Harvard English Department Offers a Course on Taylor Swift Is there anyone more worthy of deep study? by Hugh Fitzgerald
https://www.frontpagemag.com/harvard-english-department-offers-a-course-on-taylor-swift/
Harvard’s English Department has just announced a new course, to be taught by Professor Stephanie Burt — né Stephen Burt — on the life and work and miracles of Taylor Swift, a pop country singer well known for her garish and skimpy costumes, her semi-obscene pelvic thrusts this way and that way, and her very public romance (it has already lasted two whole months) with tight end Travis Kelce, complete with air kisses thrown between them at his football games and her concerts, to the delight of tens of thousands present for these premeditated displays of true-blue love. Already, hundreds of Harvard students have signed up, hoping to be selected to take this course. It may be the most oversubscribed course in the history of Harvard’s English Department.
The English Department — or rather, Professor Stephanie L. Burt, who created the course and will be teaching it — describe the course here.
In 2009, you couldn’t go anywhere without hearing Taylor Swift’s “You Belong with Me” on the radio, in grocery stores, and on TV. Harvard English professor Stephanie L. Burt ’94 still remembers the first time she heard it, describing it as so much “better” and “more compelling” than all the other pop songs that were playing at the time.

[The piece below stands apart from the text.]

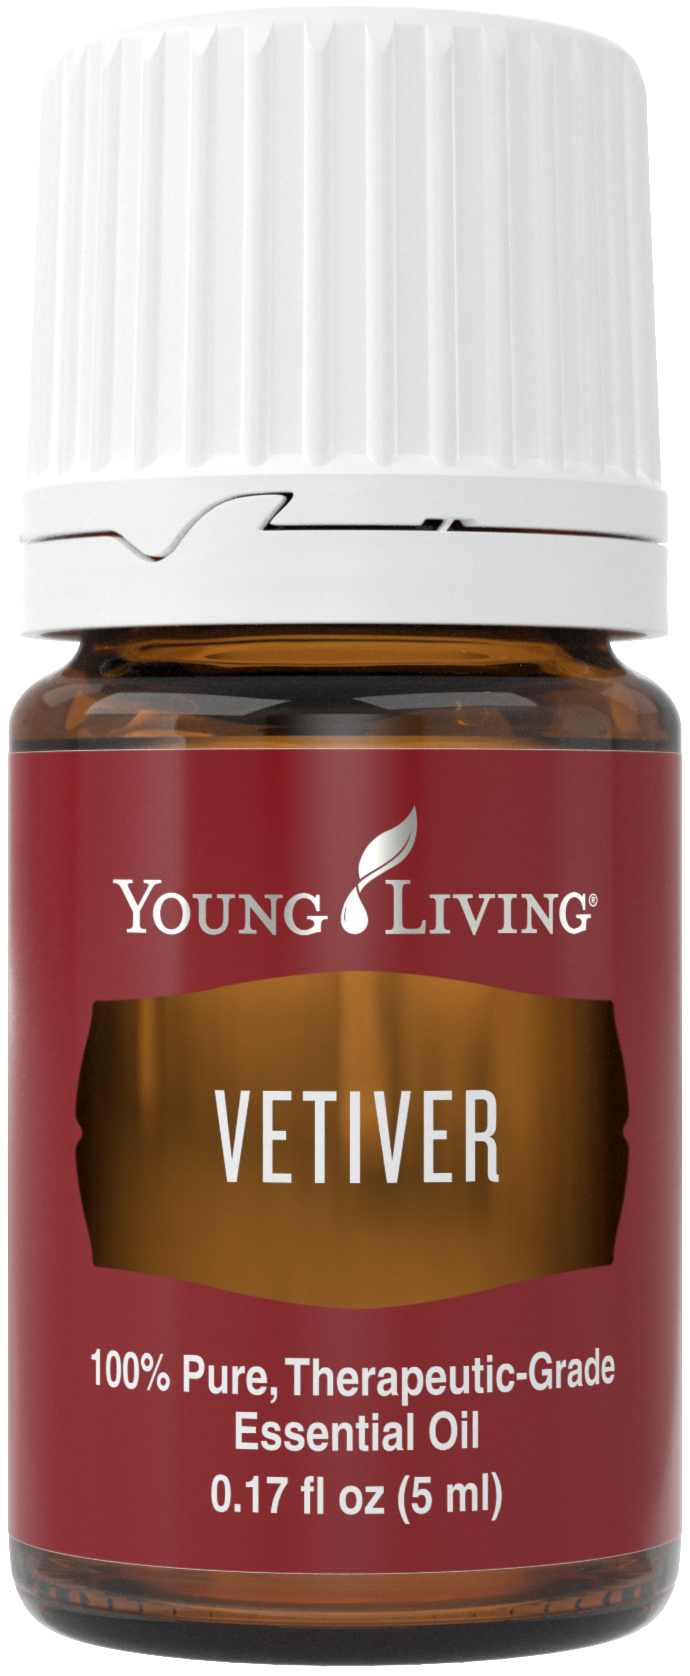 Vetiver 5ml Silo.png

Fourteen years later, and Burt is still a diehard Swiftie. Her interest in Swift has followed her to the classroom. Next semester, Harvard’s English Department will debut the course “Taylor Swift and Her World,” taught by Burt. In this class, students will earn college credit for their deep dives into Swift’s lyrics, music, and influence, dissecting her catalog and reading a host of authors Burt finds relevant to understanding Swift’s artistry.

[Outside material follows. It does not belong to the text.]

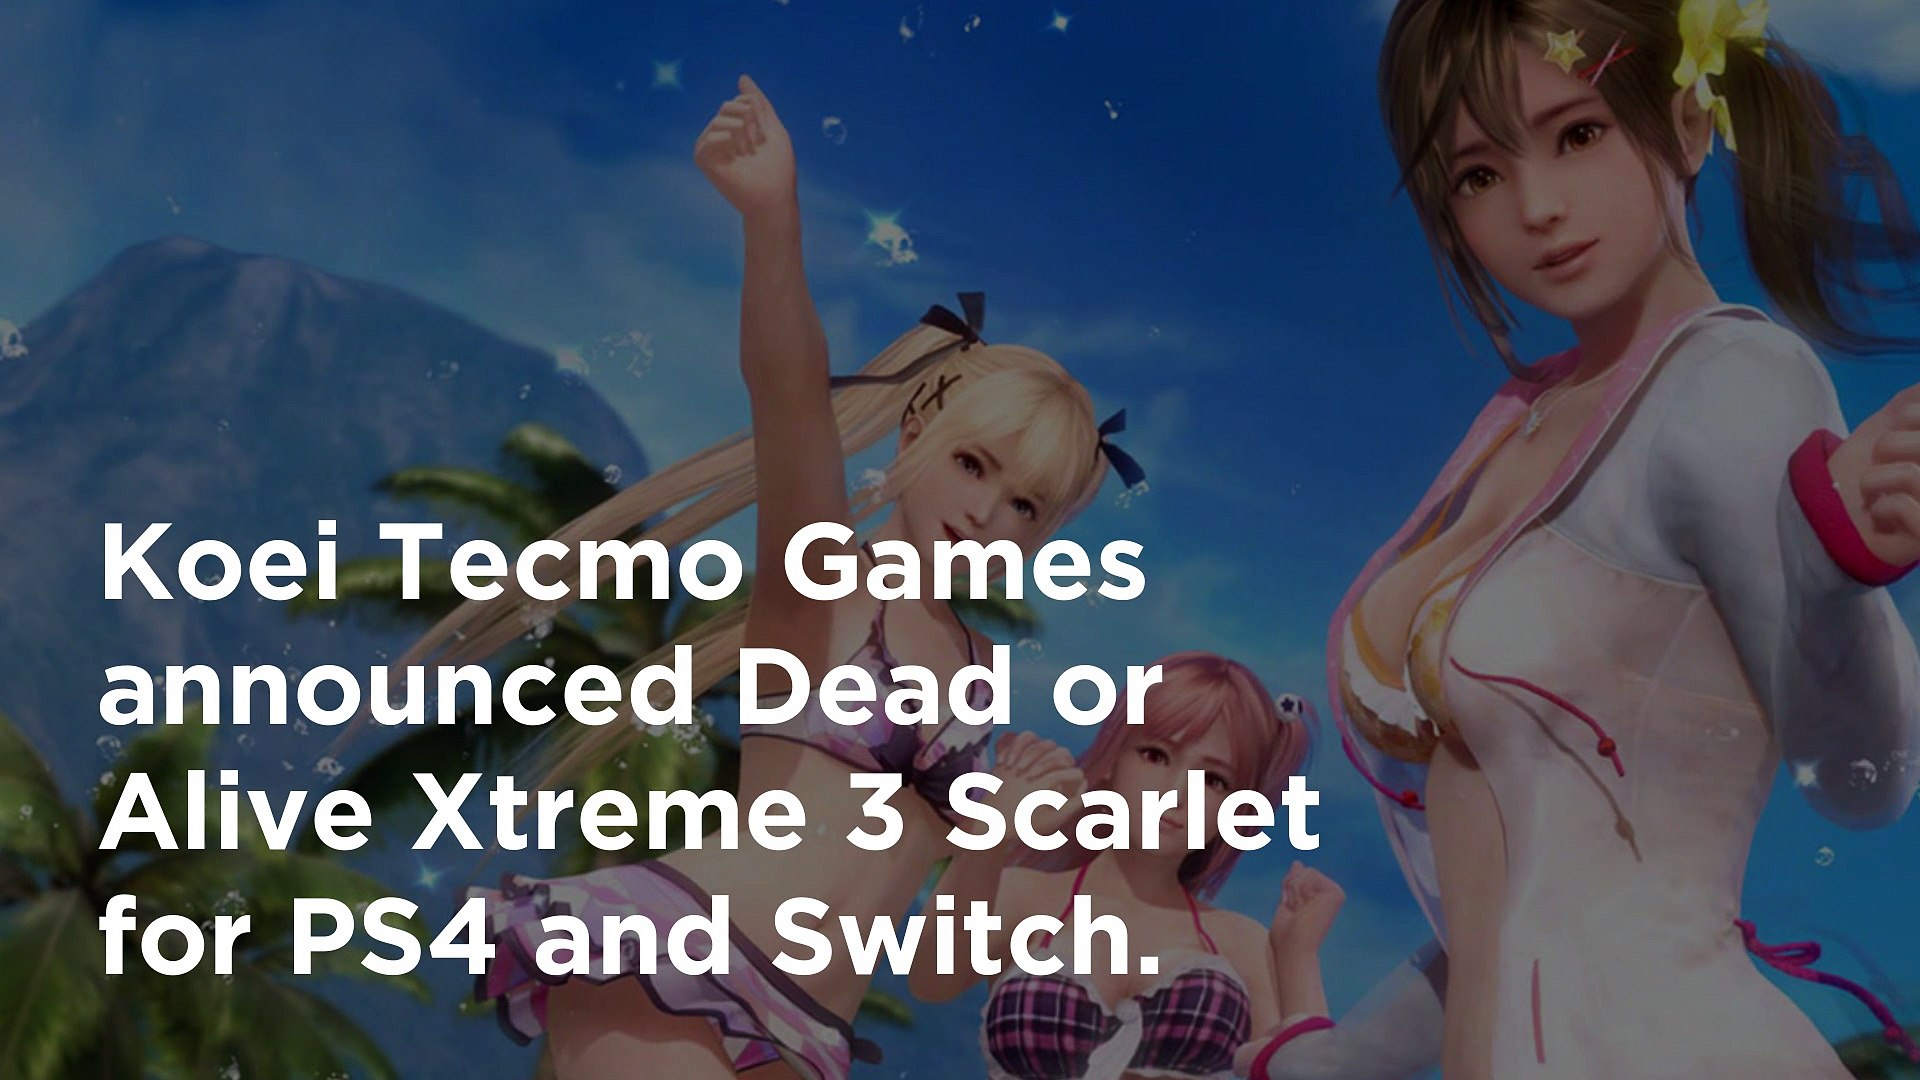 Dead or alive xtreme 3 scarlet switch

This is not to be a course on Taylor Swift alone, though god knows that would be more than enough for those Harvard undergraduates pounding on the doors of Warren House, demanding to be let into Burt’s course. No, it is a course on “Taylor Swift and Her World.” While recognizing the supreme importance of this neo-Renaissance starlette, Professor Burt hopes to examine, through the life and art of Taylor Swift, what it means to be human at a time like this. How can we exist on this giddy globe without the spiritual sustenance provided by our truest guides, who not so long ago were the mom and pop and hip-hop gangsta riffraff who divined and divided and provided our culture with all that was most necessary to survive in a world we never made, but that civilizational torch has passed from all who went before and now has so singularly and so obviously ended up in the gyrating lap of Taylor Swift, who has proven with her songs equal to the task of keeping us all afloat lest we drown in the detritus of this confusing age. Some old fogies may scoff — the kind who want English majors to read Shakespeare and Chaucer and Milton rather than cultural icons of the present — but they have lost that battle. That train has left the station. The drawbridges have been raised. Who, in truth, is more worthy of deep study by the students at Harvard than Taylor Swift, who both embodies and creates the spirit of the age, and has become our surest witness of what is past, and passing, and to come?
A course on Taylor Swift and Her World? Of course. The question is not “why such a course should be given now,” but rather, why such a course has not been given until now, when it has long been obvious that Taylor Swift, this nonpareil sweet singer who now bestrides the world like a colossus in thigh-high boots, and pulls up out of the deepest recesses of our beings an understanding of what it means to be human, or in the case of Taylor Swift herself, superhuman. She is the singular voice we most need to hearken to, and that we ignore at our peril. Where shall we begin her story? And where is she taking us today? And how will Taylor Swift, the philosopher-entertainer we most need in these dark times, lead us through her songs and live performances to the broad sunny uplands that beckon, where civilizational despair turns to hope? Take the course “Taylor Swift and Her World” to find out.
The course instructor, Professor Stephanie Burt, is also a fascinating character, that only the present age could produce. Just a few years ago Stephanie was Professor Stephen Burt, having been male since birth, but then he decided he really should be a she, and so, in 2017, Stephen Burt “transitioned” into being the female Stephanie Burt. Since 2007, first he, and then she, have worked at Harvard University, where he, and then she, became a tenured professor in 2010. In 2023, she, formerly he, was named the Donald P. and Katherine B. Loker Professor of English.
You can view Stephanie Burt reciting one of her poems — “Gymnastic Stephanie” — right here.
I did not think it could come to this. I see that I was wrong.